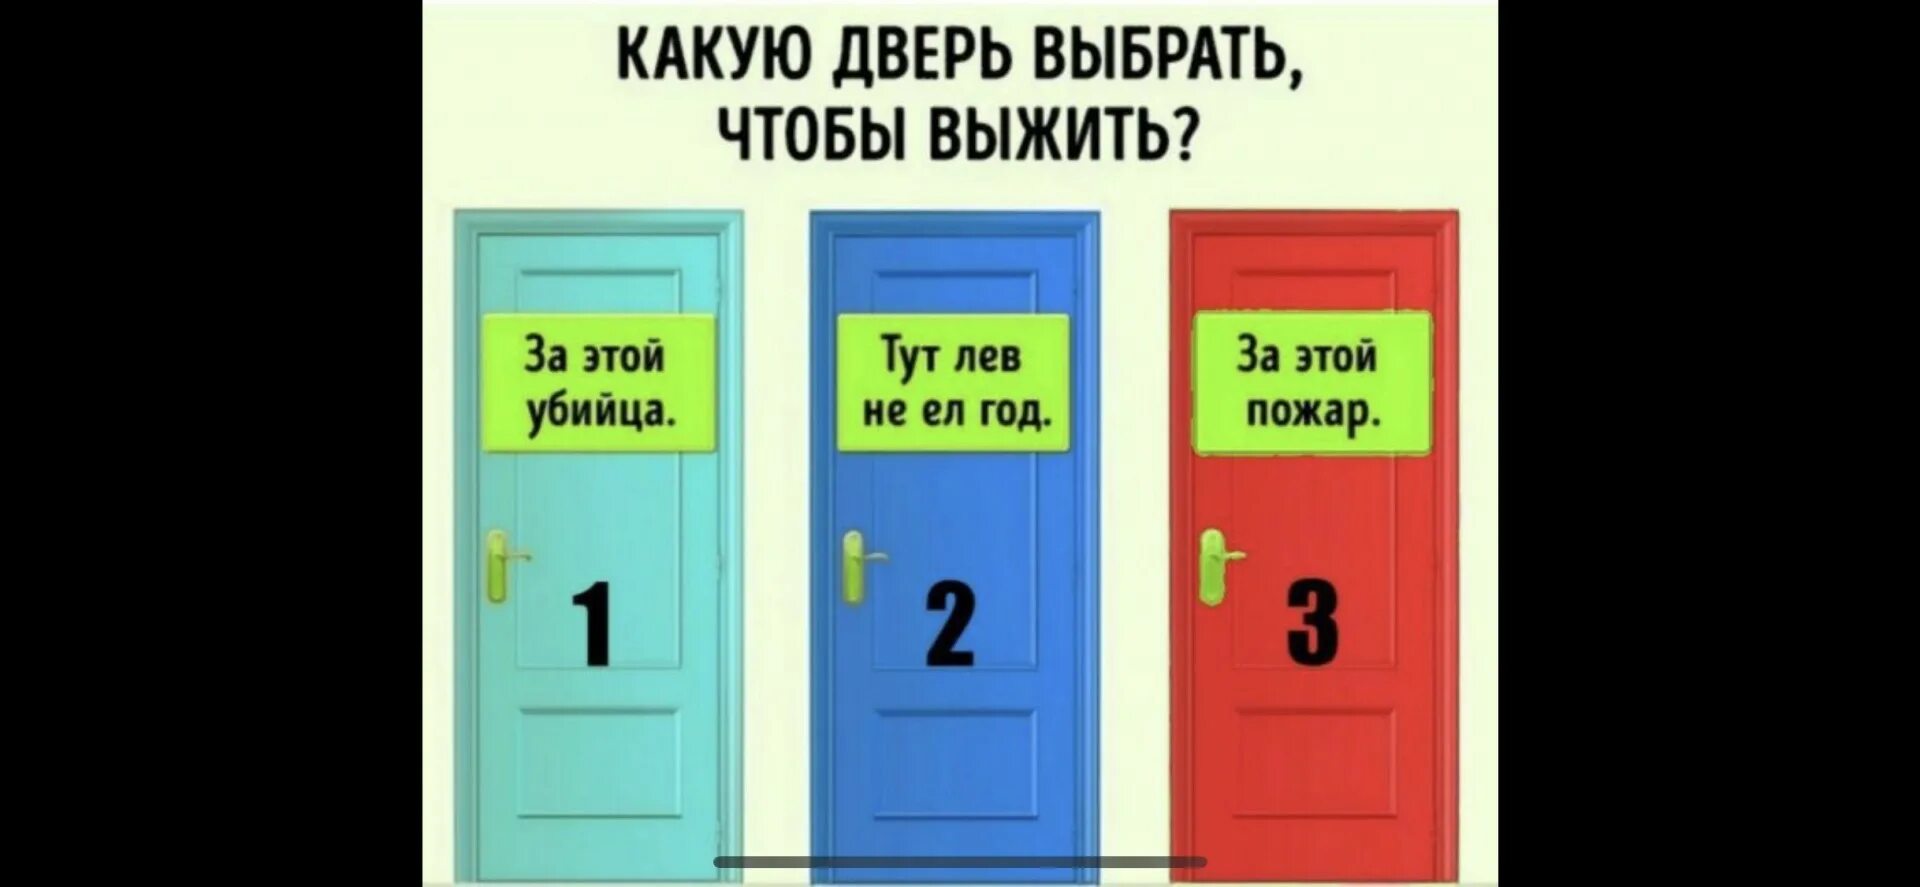 Загадка про двери и стражников. Загадка про две двери. Дверь 2 на 2. Задача про охранников и двери. Загадка про 2 двери и двух охранников.
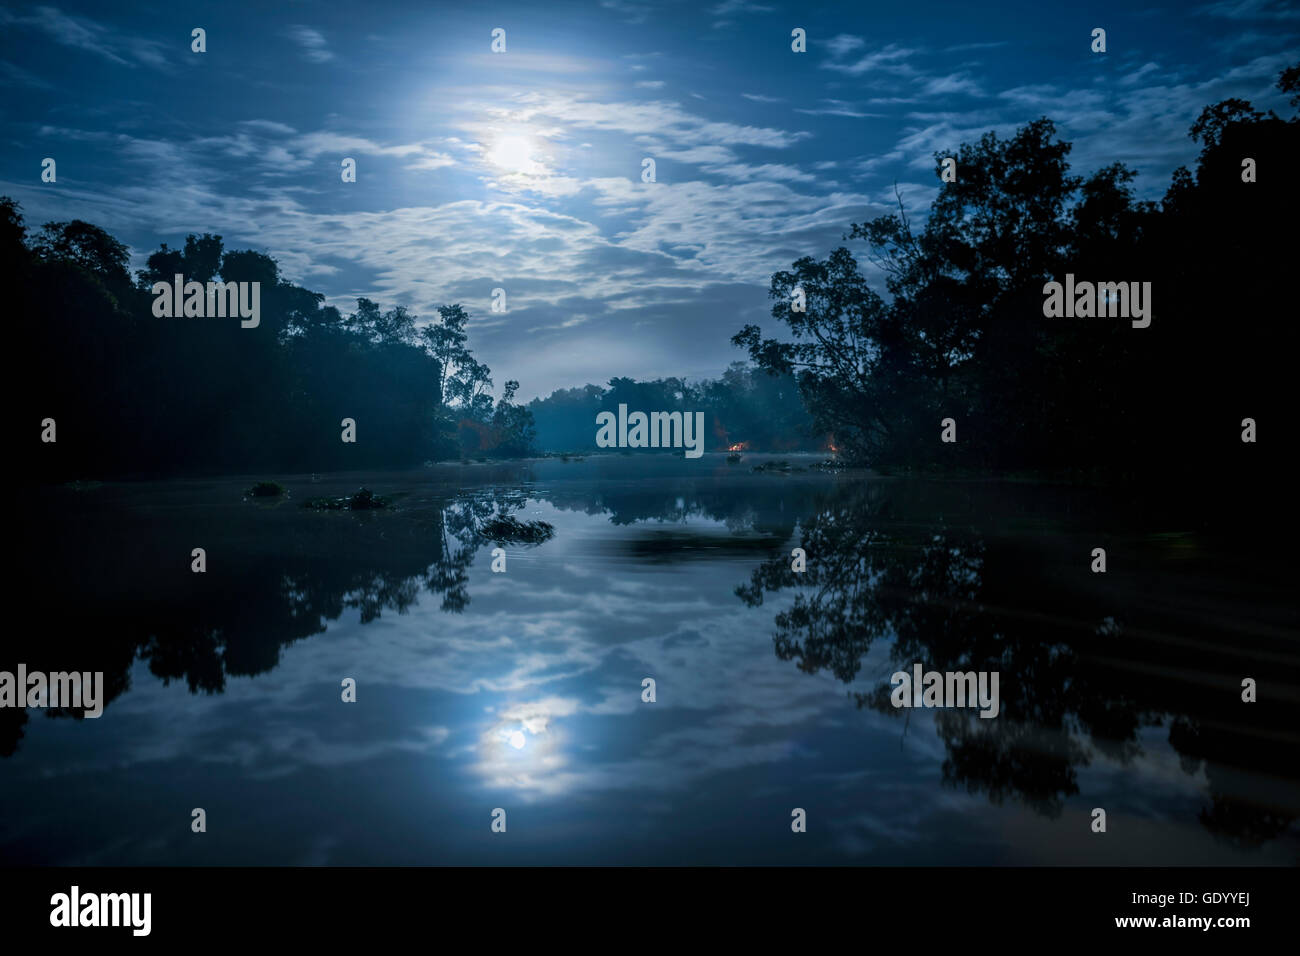 Reflection of moon in river, Orinoco River, Orinoco Delta, Venezuela Stock Photo
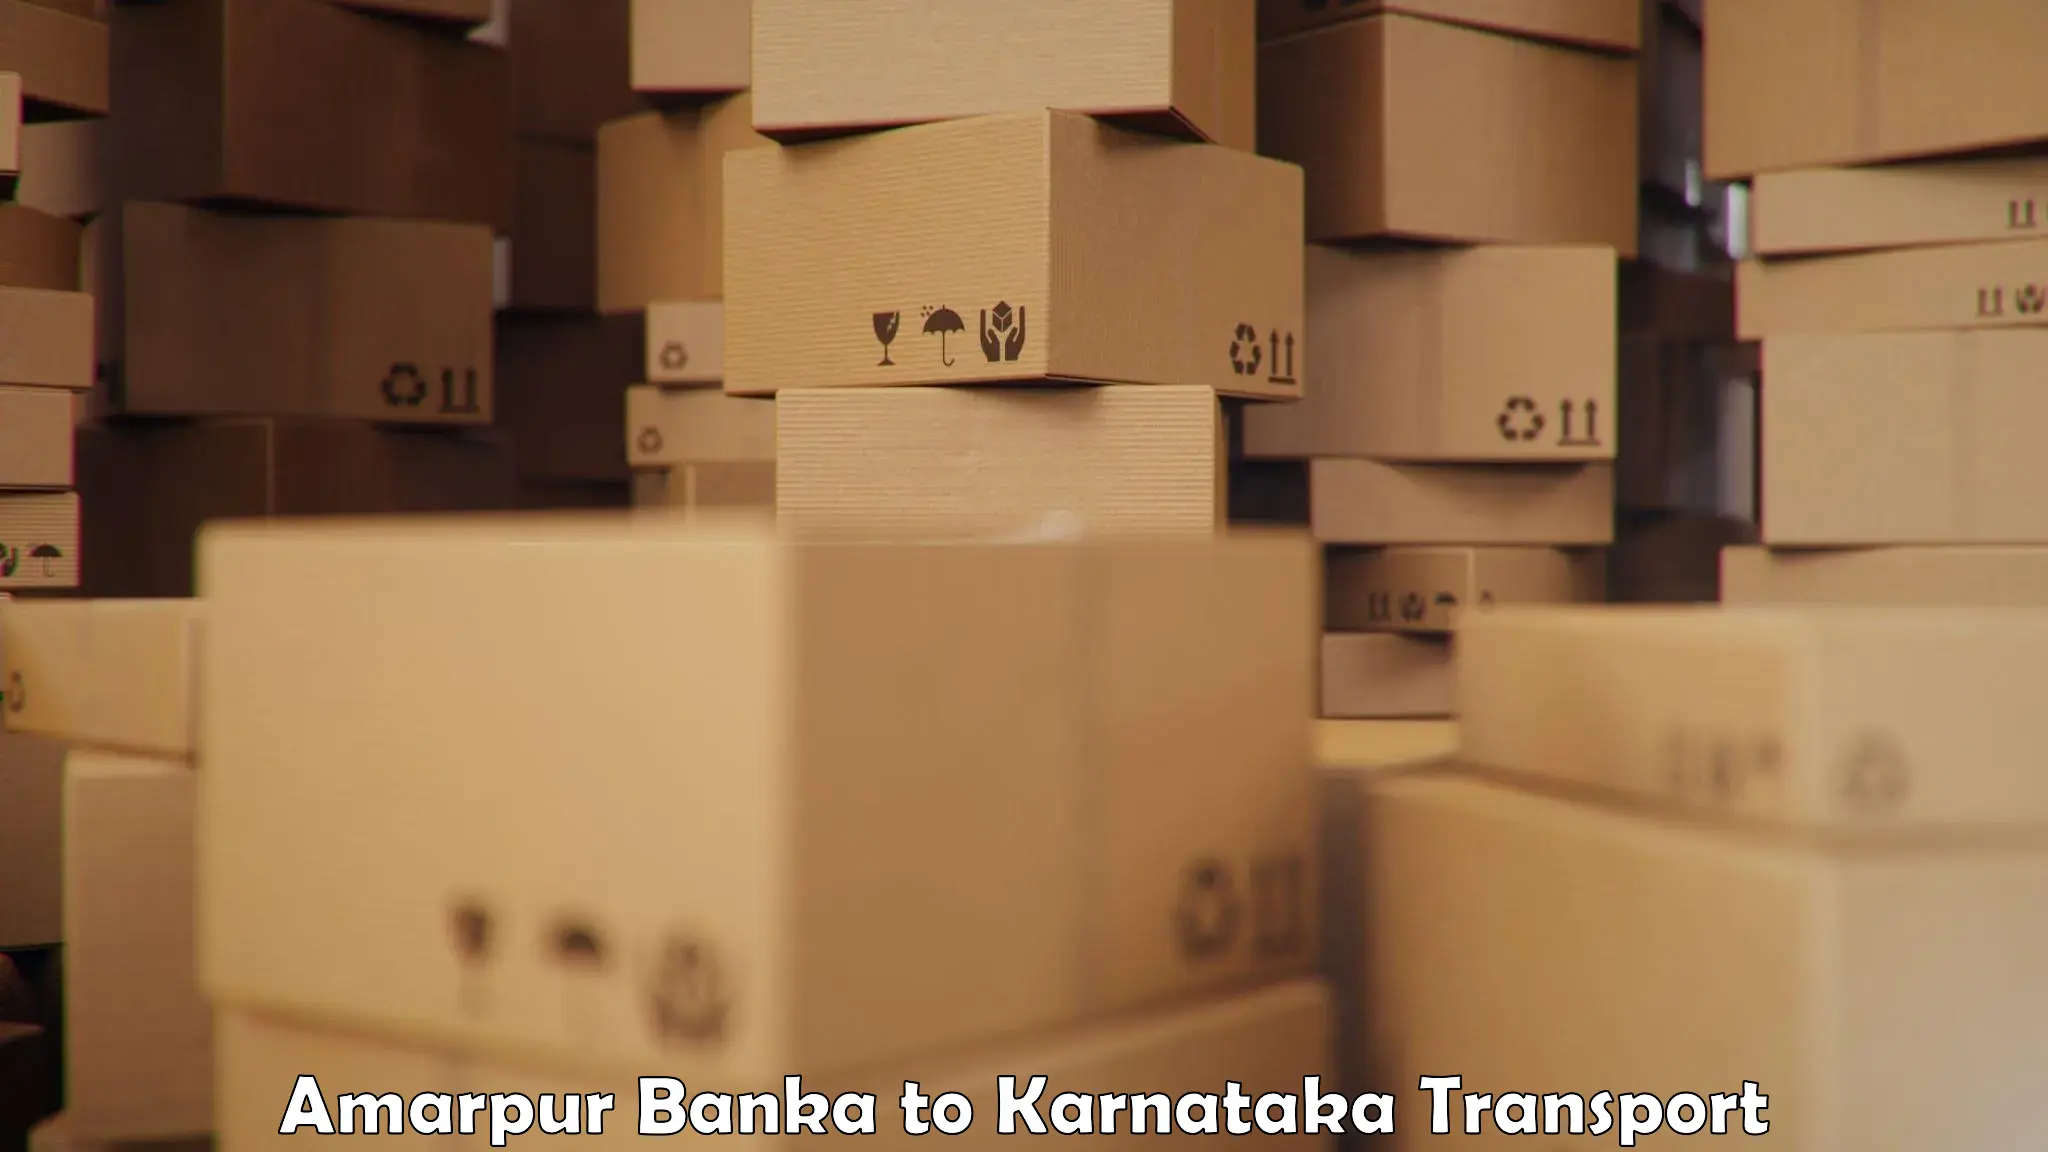 India truck logistics services Amarpur Banka to Bangalore
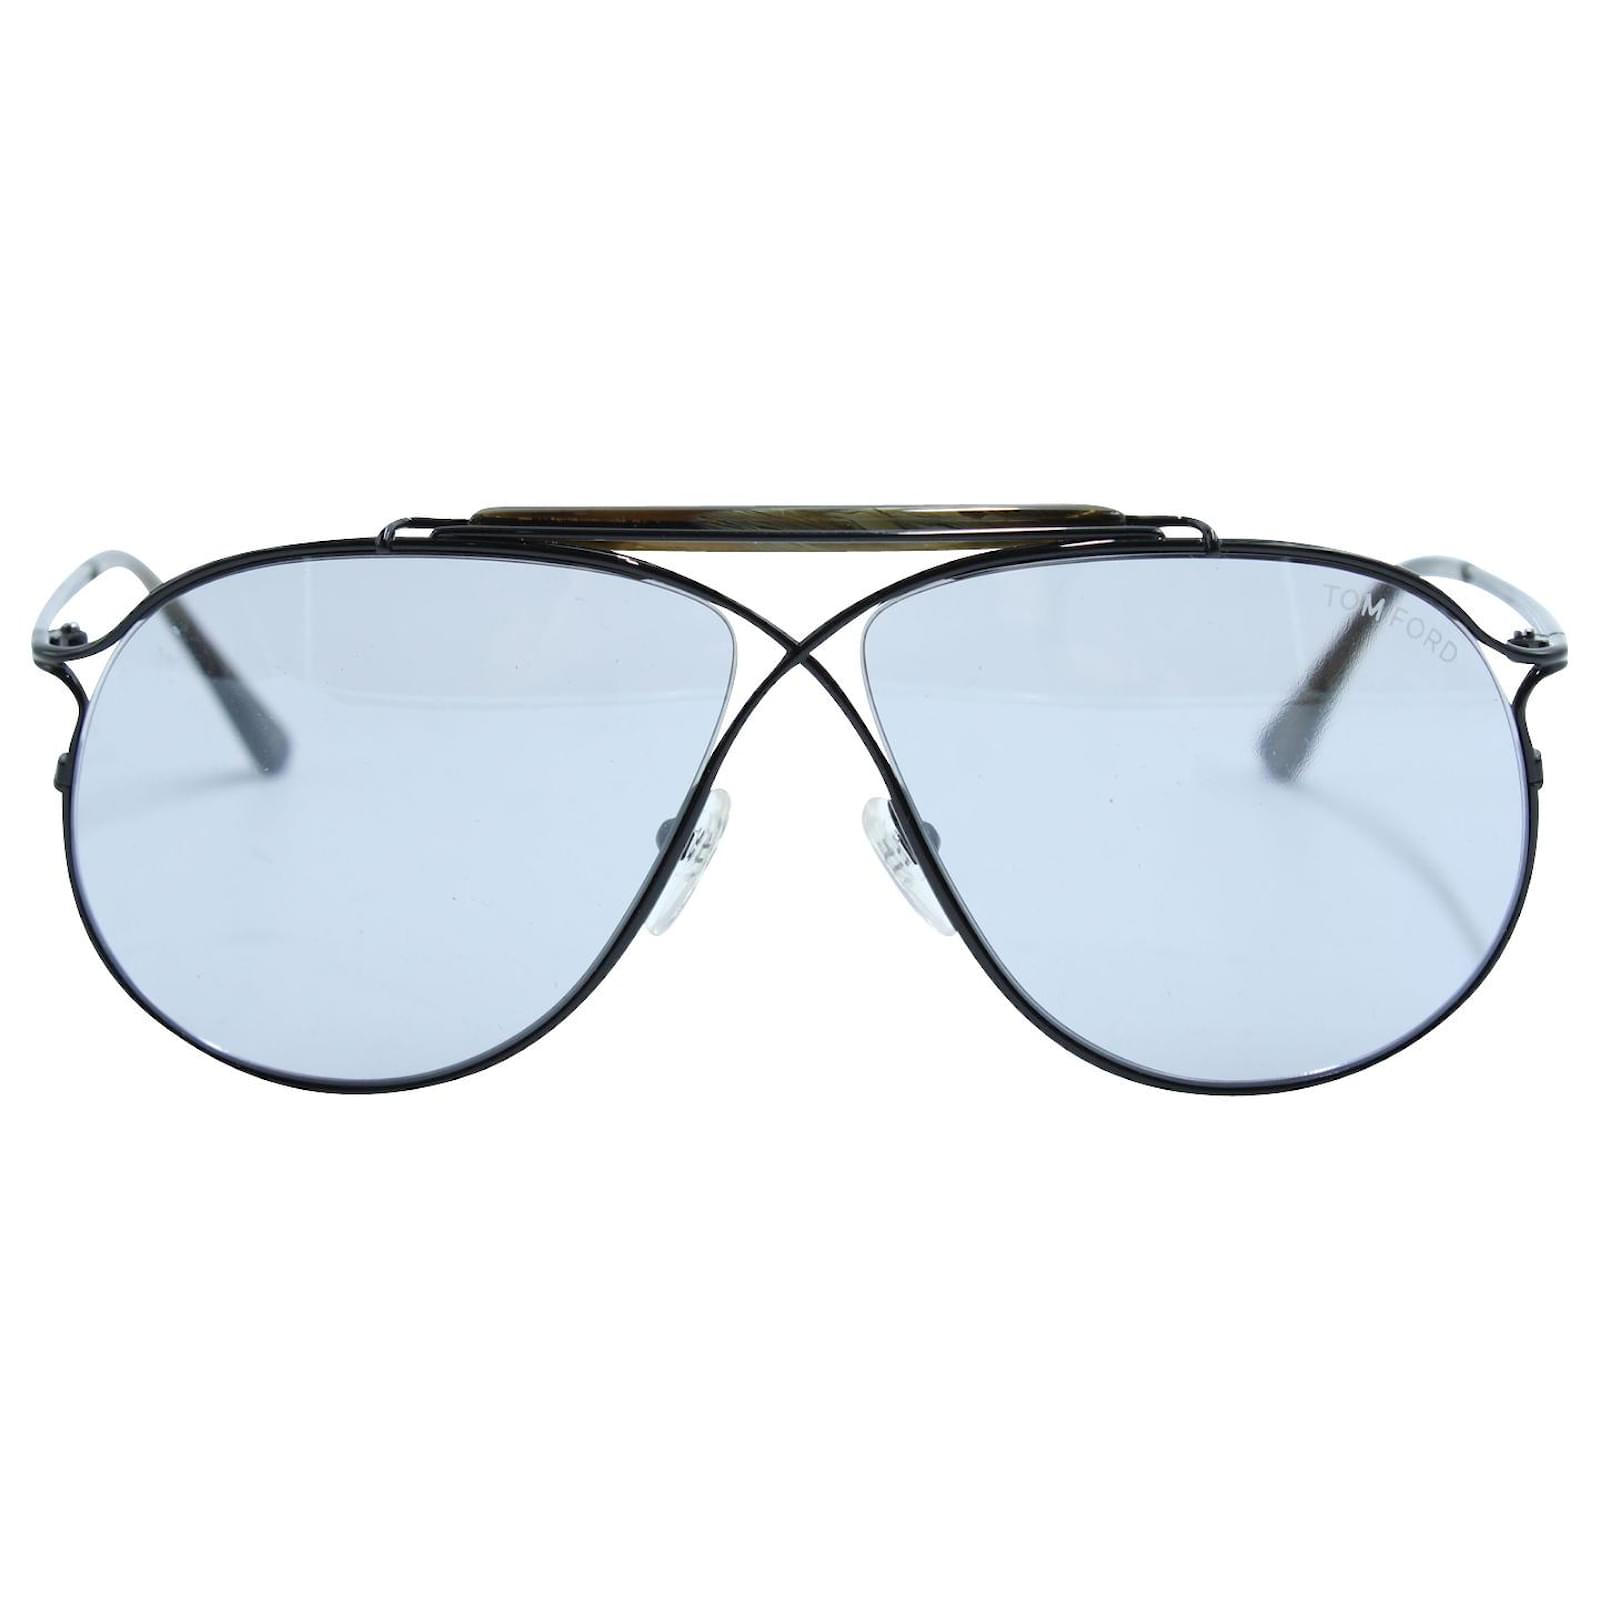 Tom Ford - Tom N.6 Sunglasses - Aviator Sunglasses - Black

━━━━

ACTIVITY: Transcribe all the lines above exactly; any image among them is skipped.

RESPONSE BELOW:
 Загадка про двери и стражников. Загадка про две двери. Дверь 2 на 2. Задача про охранников и двери. Загадка про 2 двери и двух охранников.
 Reflection of moon in river, Orinoco River, Orinoco Delta, Venezuela Stock Photo
 India truck logistics services Amarpur Banka to Bangalore
 Tom Ford - Tom N.6 Sunglasses - Aviator Sunglasses - Black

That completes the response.